Union City woman files suit alleging cop invited himself in & sexually assaulted her


A Union City woman has filed a lawsuit against the city, police department, and a police officer who allegedly invited himself into her home last year and sexually assaulted her.

By John Heinis/Hudson County View

“Defendant UCPD had constructive notice when another police officer unnamed at this time knew that Officer Torres was going to Plaintiff’s home that night and could have prevented
this from occurring. Plaintiff told another officer that she thought Officer Torres was creepy
and strange while she was at the station prior to January 24, 2023 for a domestic violence complaint,” the 20-count lawsuit, filing in Hudson County Superior Court today, says.

“Plaintiff accidentally backed into another vehicle while she was at the station for the domestic violence complaint. When Officer Torres told another police officer that he was going to Plaintiff’s house that night to personally gather Plaintiff’s registration/insurance card. The other unnamed officer responded to him: You didn’t have to go to your house that night for anything that he could get the information out of the system.”

The suit continues that this breach of protocol was never reported to a superior officer and Officer Ulises Torres showed up to the home of the victim, identified only as YM, that evening around 11:30 p.m. while he was still on duty.

He also allegedly intentionally turned off his police body camera before entering the building.

Furthermore, Torres is accused of showing up outside of the plaintiff’s apartment unannounced rather than having her bring her insurance and registration to police headquarters.

“Officer Torres was there waiting in his police vehicle when Plaintiff arrived home and
himself in. Plaintiff felt intimidated and powerless, especially since a police officer just showed up at Plaintiff’s house waiting for her to arrive at such a late time,” the suit contends.

“Officer Torres first asked to see pictures of Plaintiff on her phone and quickly asked if she had had a breast reduction. Officer Torres then went to the bathroom and looked out the door and signaled Plaintiff to come into the bathroom with him, of which she did not agree to.”

The officer, who joined the department in 2016, allegedly then tried to kiss her, pull her shirt up, and “proceeded to pull her right breast out of her bra and he attempted to suck her nipple” all while her three-year-old daughter was watching.

The alleged victim pushed Torres away and he eventually left, but he continued to contact her the next day via WhatsApp, offering to blame her ex-boyfriend for the car accident, as well as offering to send her money if needed, all unsolicited, the lawsuit asserts.

The Union City Police Department’s 2023 Annual Major Disciple Report indicated that Torres was suspended for 30 days last year for “conduct unbecoming of a public employee, neglect of duty, and other sufficient cause,” as only HCV reported in February.
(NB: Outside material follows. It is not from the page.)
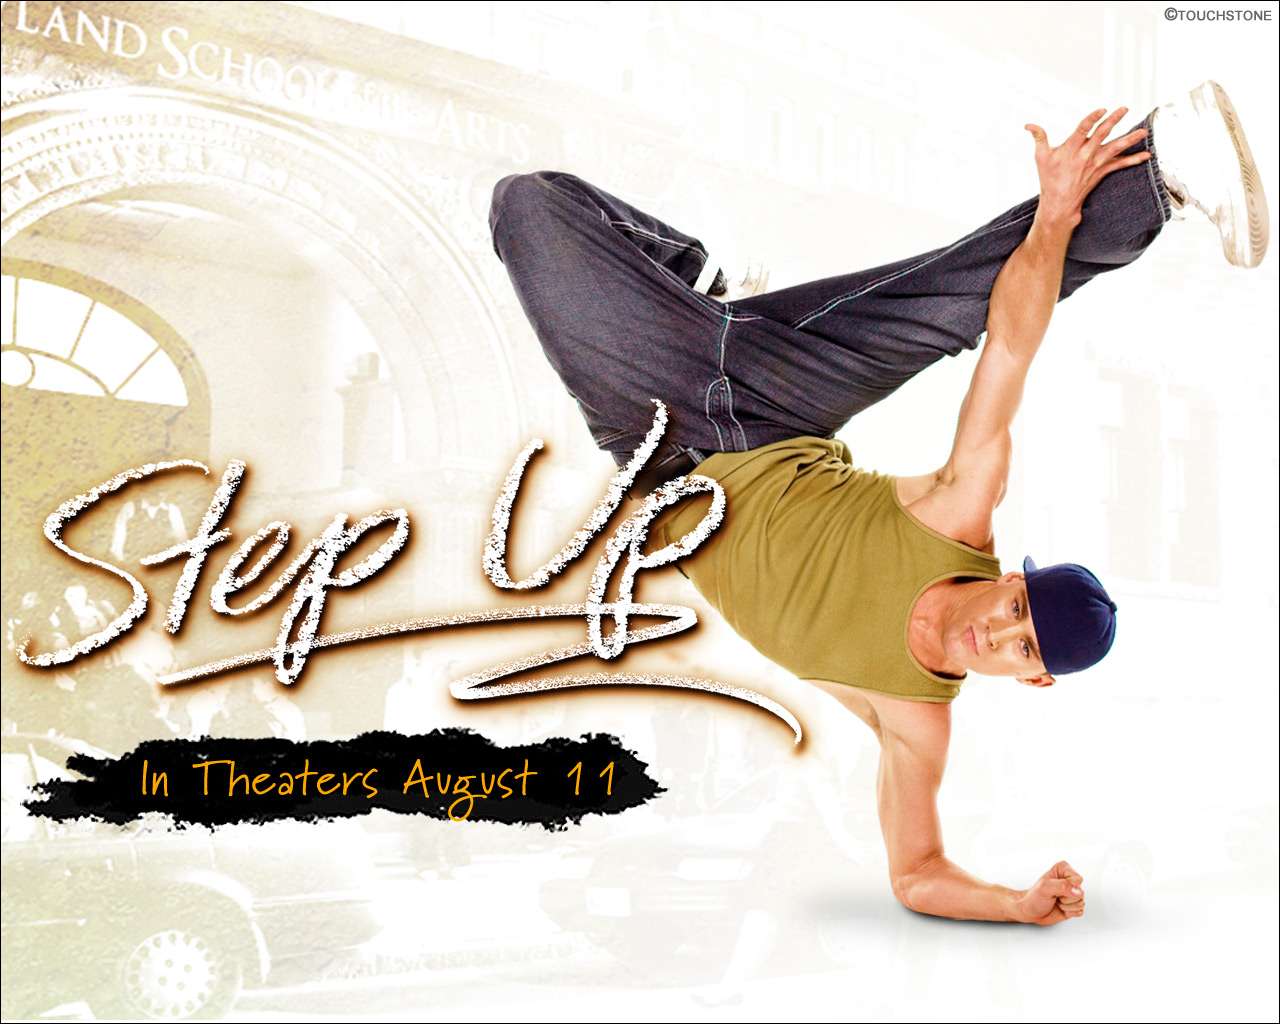 Step Up Wallpaper - Channing Tatum Movies Step Up - HD Wallpaper

An updated copy of the report says that Torres completed a call for service and responded back to the victim’s residence, where he “engaged in inappropriate touching of the victim.”

According to the litigation, he was given the option to resign after the suspension was up and he is no longer with the Union City PD.

The lawsuit, which also names Police Chief Anthony Facchini and several John Does, also claims that one of Torres’ superiors asked her out on a date approximately nine months later.

YM, through her Weehawken-based attorney Nicholas Pagliara, alleges a violation of her 14th Amendment Rights, failure to train and supervise, gender discrimination, assault, battery, sexual battery, false imprisonment, intentional infliction of emotional distress, failure to intervene, and negligence – among other things.

As a result, she is seeking compensatory, statutory and punitive damages, as well as damages for lost wages and medical bills, damages for emotional distress, attorneys’ fees and costs of suit, along with any relief the court deems just and equitable.

Pagliara and counsel for the city both did not return emails seeking comment.